As to whether it has ever come to a conflict with the developer or landlord over particularly retailers, Moncur gives an emphatic “Yes! But that’s a healthy relationship with the client, when you can have those debates that you ultimately want to have, and then come up with the answer.”
For the past few years, a wave of empty units has flooded the market, with the on-going lockdown measures and subsequent business failures only adding to the supply. In December, Philip Green’s UK-based Arcadia empire collapsed – including the TopShop fashion chain which had branches across the world. It will add another raft of empty space: according to the BRC-LDC vacancy monitor, shopping centre vacancies in the UK were up to 17.1% in Q4 2020 from Q3’s 16.3%; in the US, Bloomberg predicts an 18% fall in retail property value as tenants shut up shop for good.

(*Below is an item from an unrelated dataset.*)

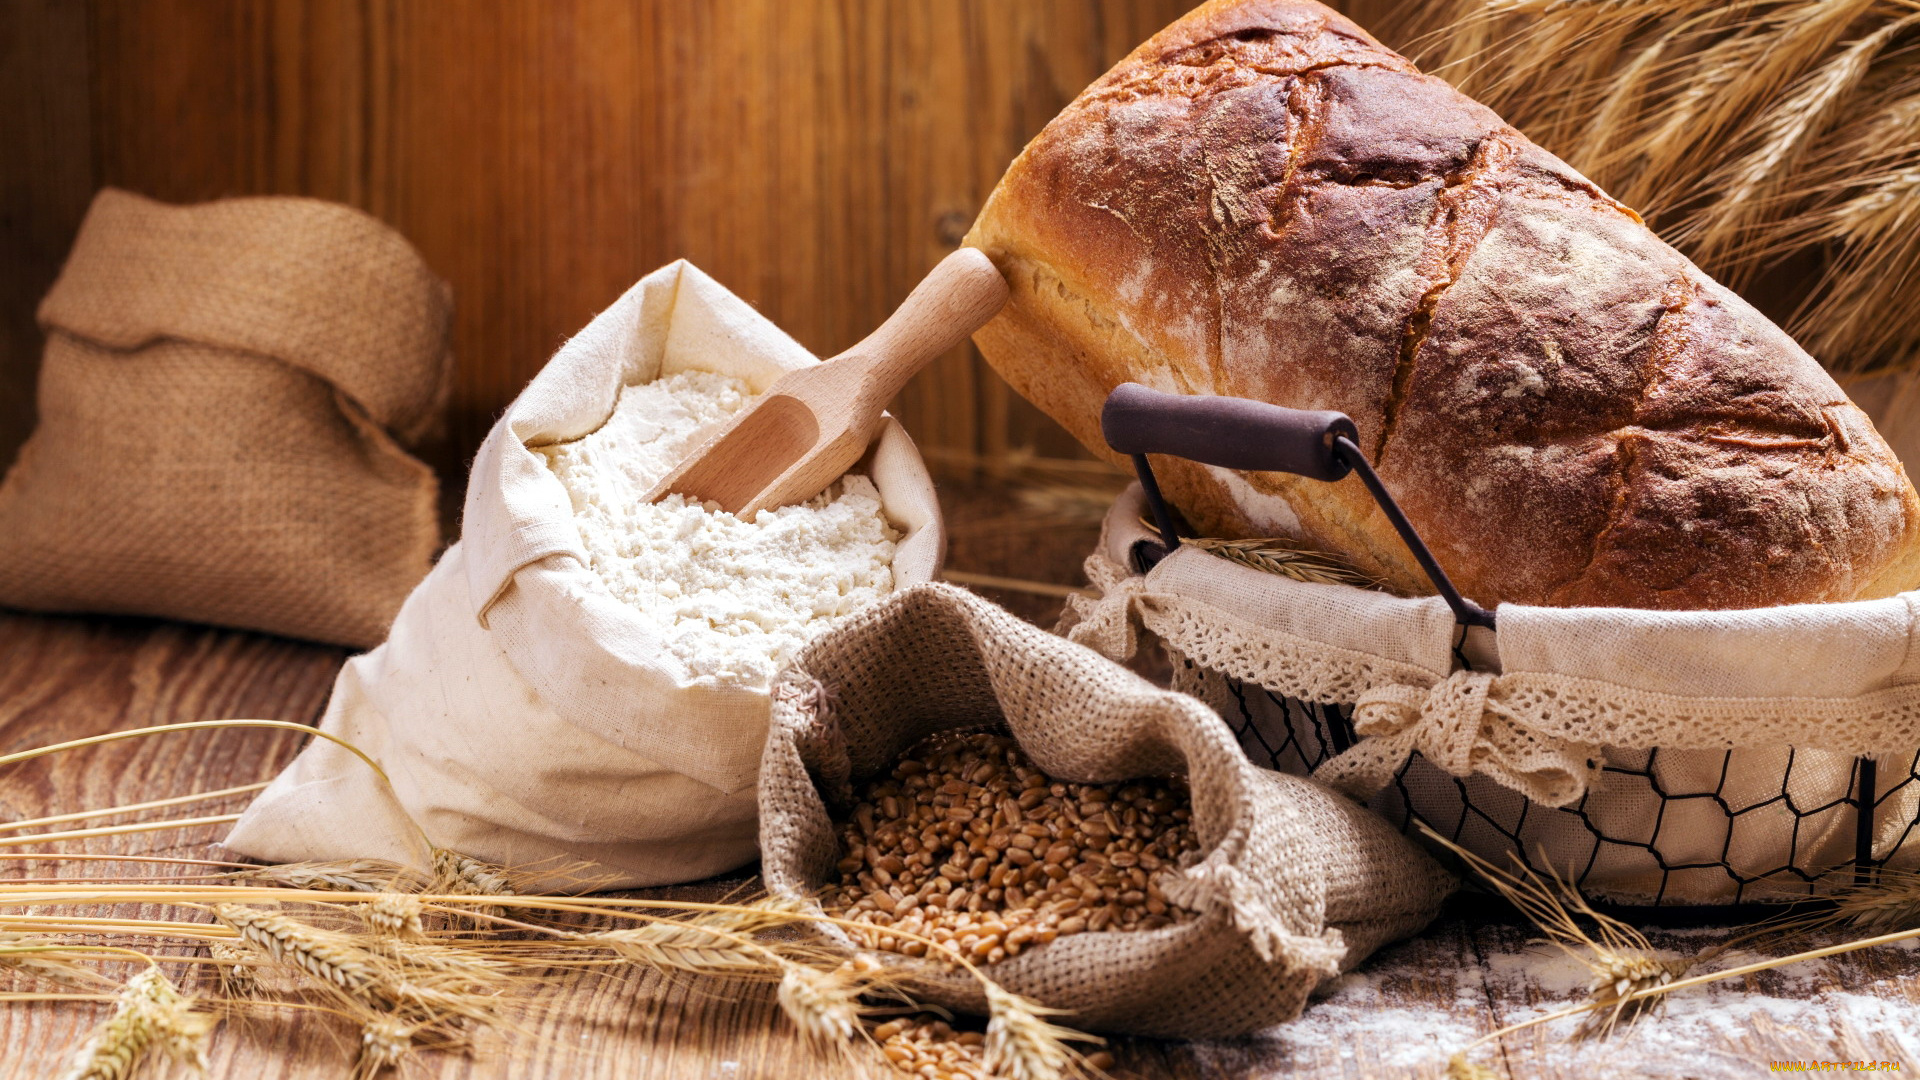 eda-hleb--vypechka-muka-1471286

You see trends by keeping your eyes open, and keeping them wide
Given the shifting market, it is unlikely any vacant units will be filled with retail. Moncur advises on a major shopping centre in Glasgow, St Enoch Centre, which had a large anchor retailer Debenhams before the chain went bankrupt. He feels the space is unlikely to remain as big box retail in the future – another redundant department store in the shopping centre is set to open this spring as a Vue Cinema, with nine food and beverage units.

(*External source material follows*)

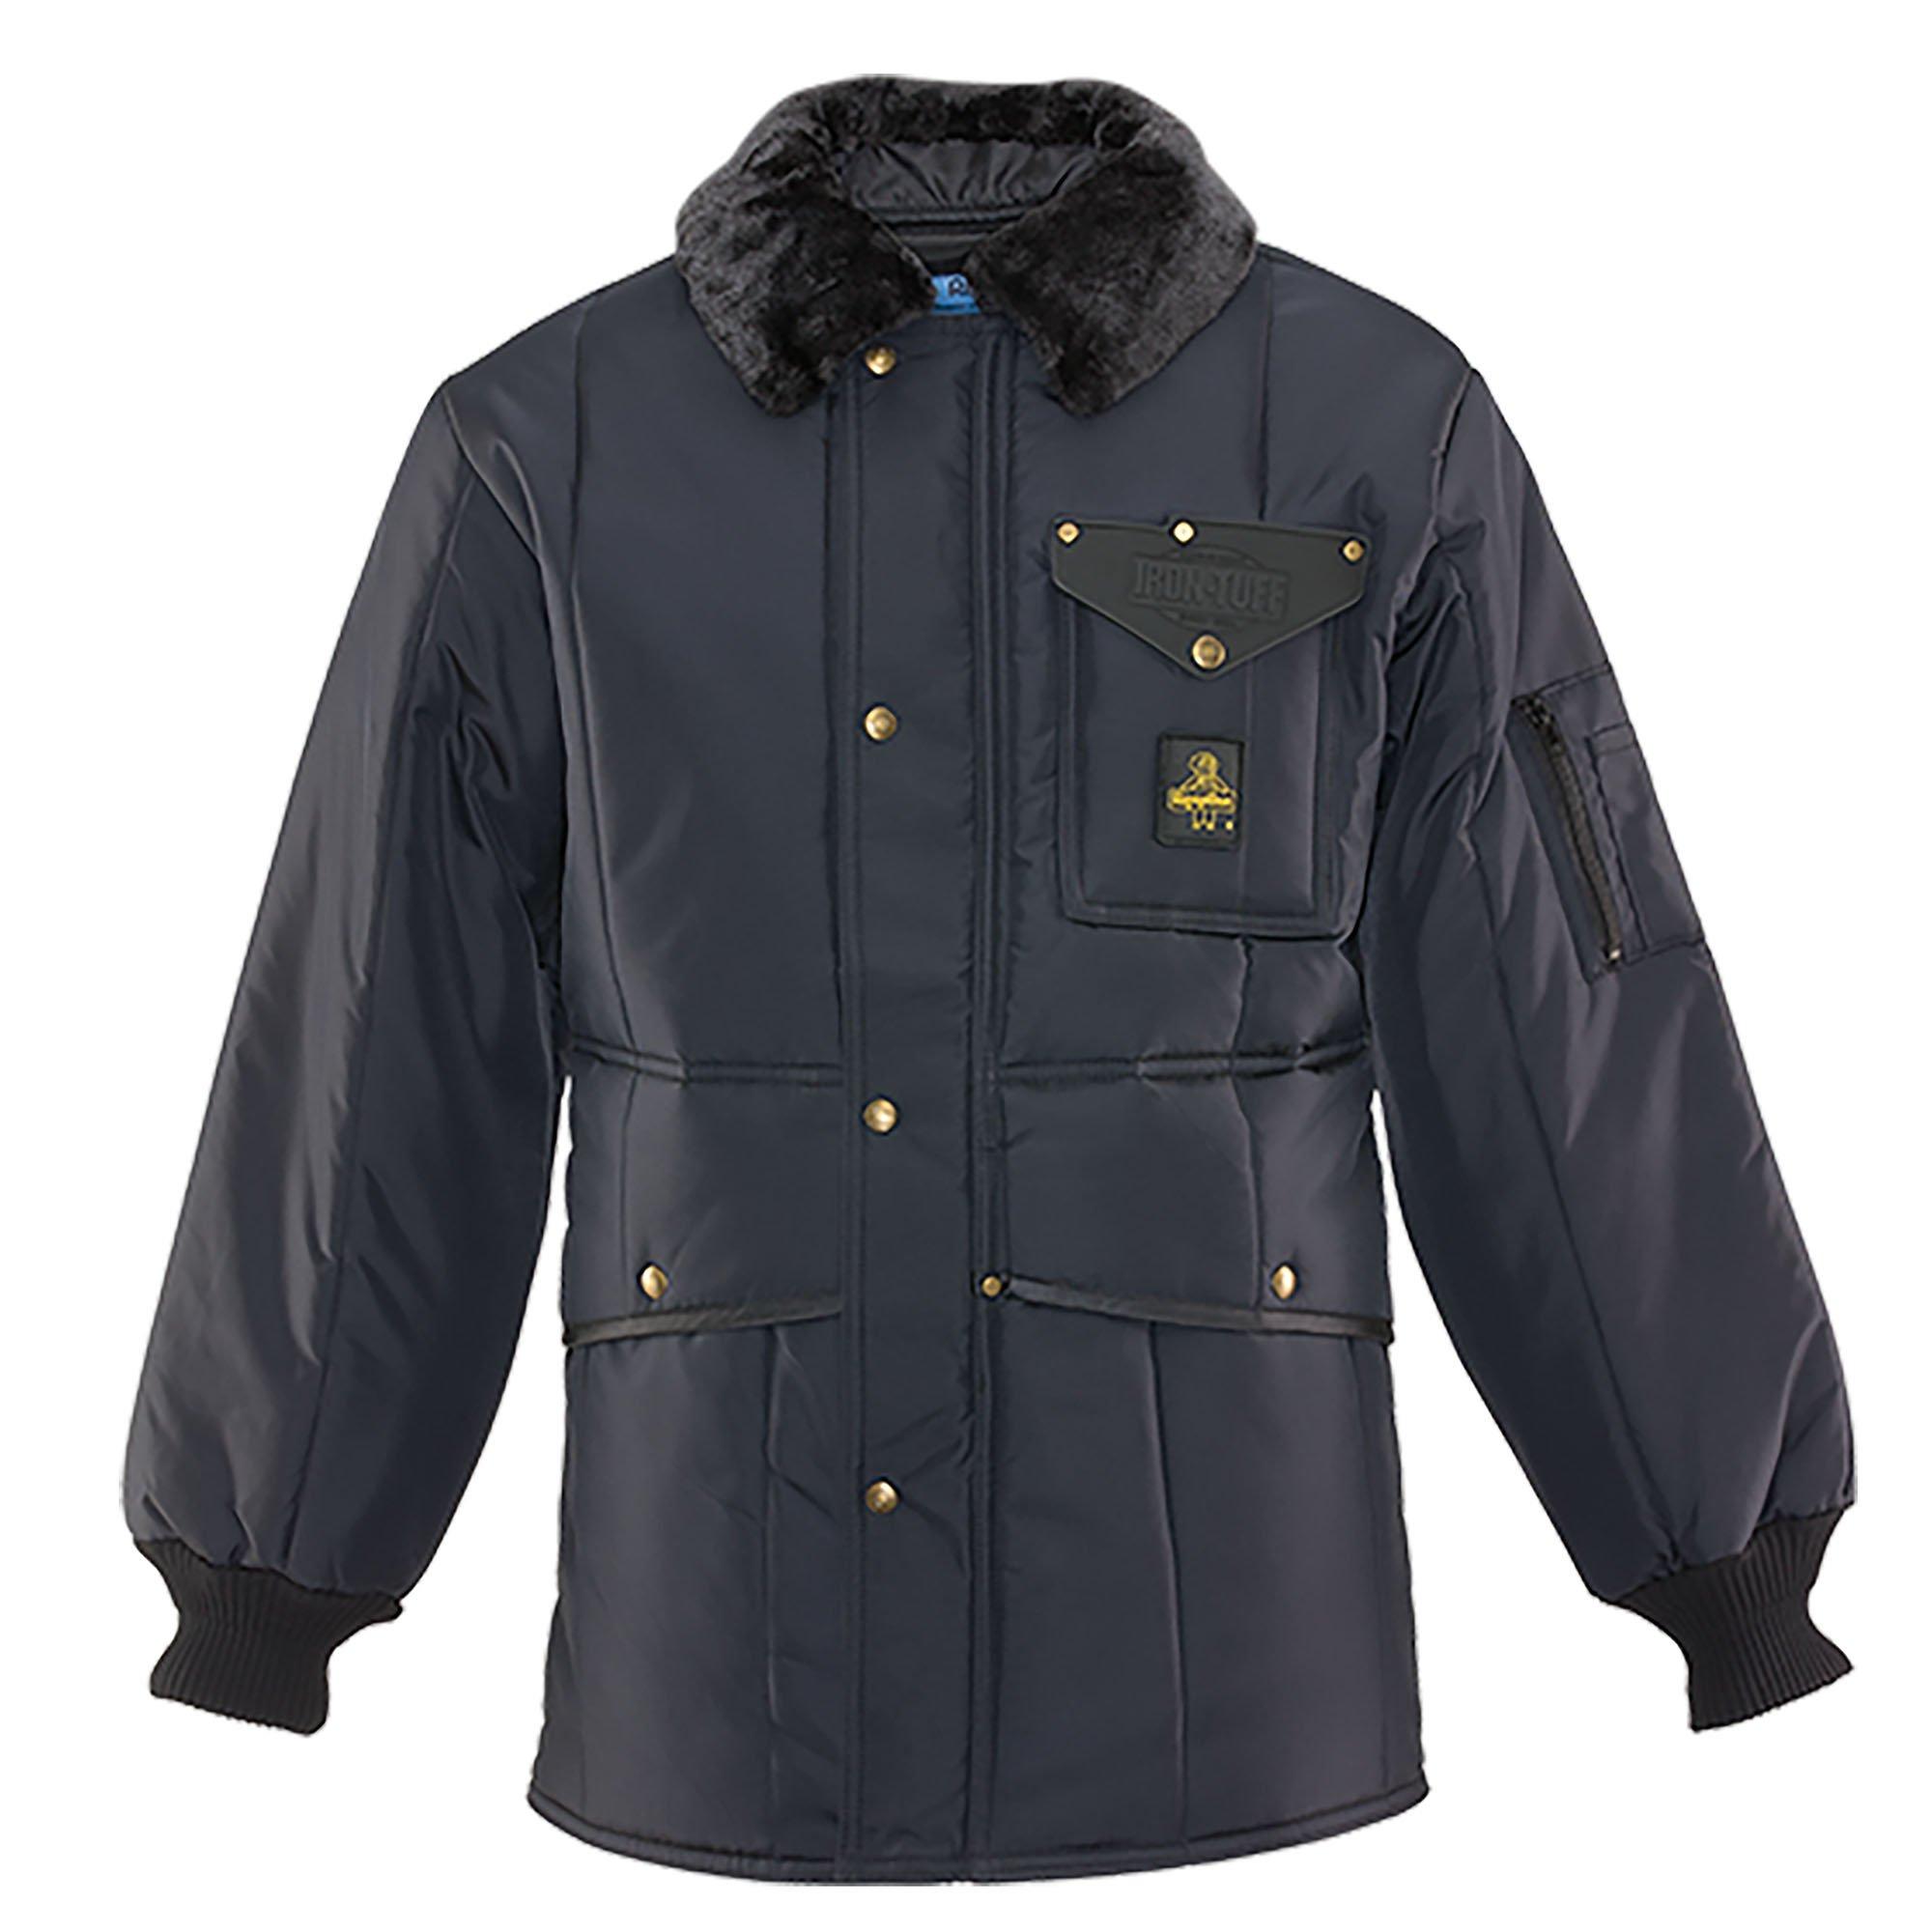 RefrigiWear Men's Iron-Tuff Jackoat Workwear Jacket, Navy 2XL Tall

“Bringing in alternative uses is a big part of the strategy we put forward as part of our yearly business plans,” says Sovereign Centros’s Jones. “The agents have to be more flexible in how they look at that - you can’t just be a retail niche agent anymore if you are going to reach out and cover those voids with these alternative angles.
And flexible they are as the shift in the retail market hurtles to more mixed-use, meaning an evolution in the retail agent’s role.
“We need to change the way we approach clients, because we are not just brokers doing deals – that is very 10 years ago,” says Moncur. “We are advisers, and we need to advise clients on what they should and should not be doing. Or at least, what the options are.”
There have been many changes in the retail world, but the biggest and unforeseen upheaval of all has been the pandemic. Kite, an agent for 30 years, describes it as “both challenging, and interesting”.
“Booms and recessions are part of economic life,” he says, but “usually the reasons, and the route to recovery are clear. What we are seeing now, with the pandemic coming on top of what was already a declining retail market, is an acceleration of 10 years of retail decline that has happened in 10 months. It is not a managed decline that anyone is able to deal with: it’s an uncomfortable decline.”
The pandemic has not simply hastened the decline of bricks-and-mortar retail, it has taken some of our most beloved brands along the way. There have been, for example, discussions about building “COVID clauses” into new leases so that, in the case of another pandemic, both parties would share the pain in the form of a rent holiday or rent reduction.
But for everyone involved in the retail property sector, the hope must be a return not just to normality, but to some degree of stability.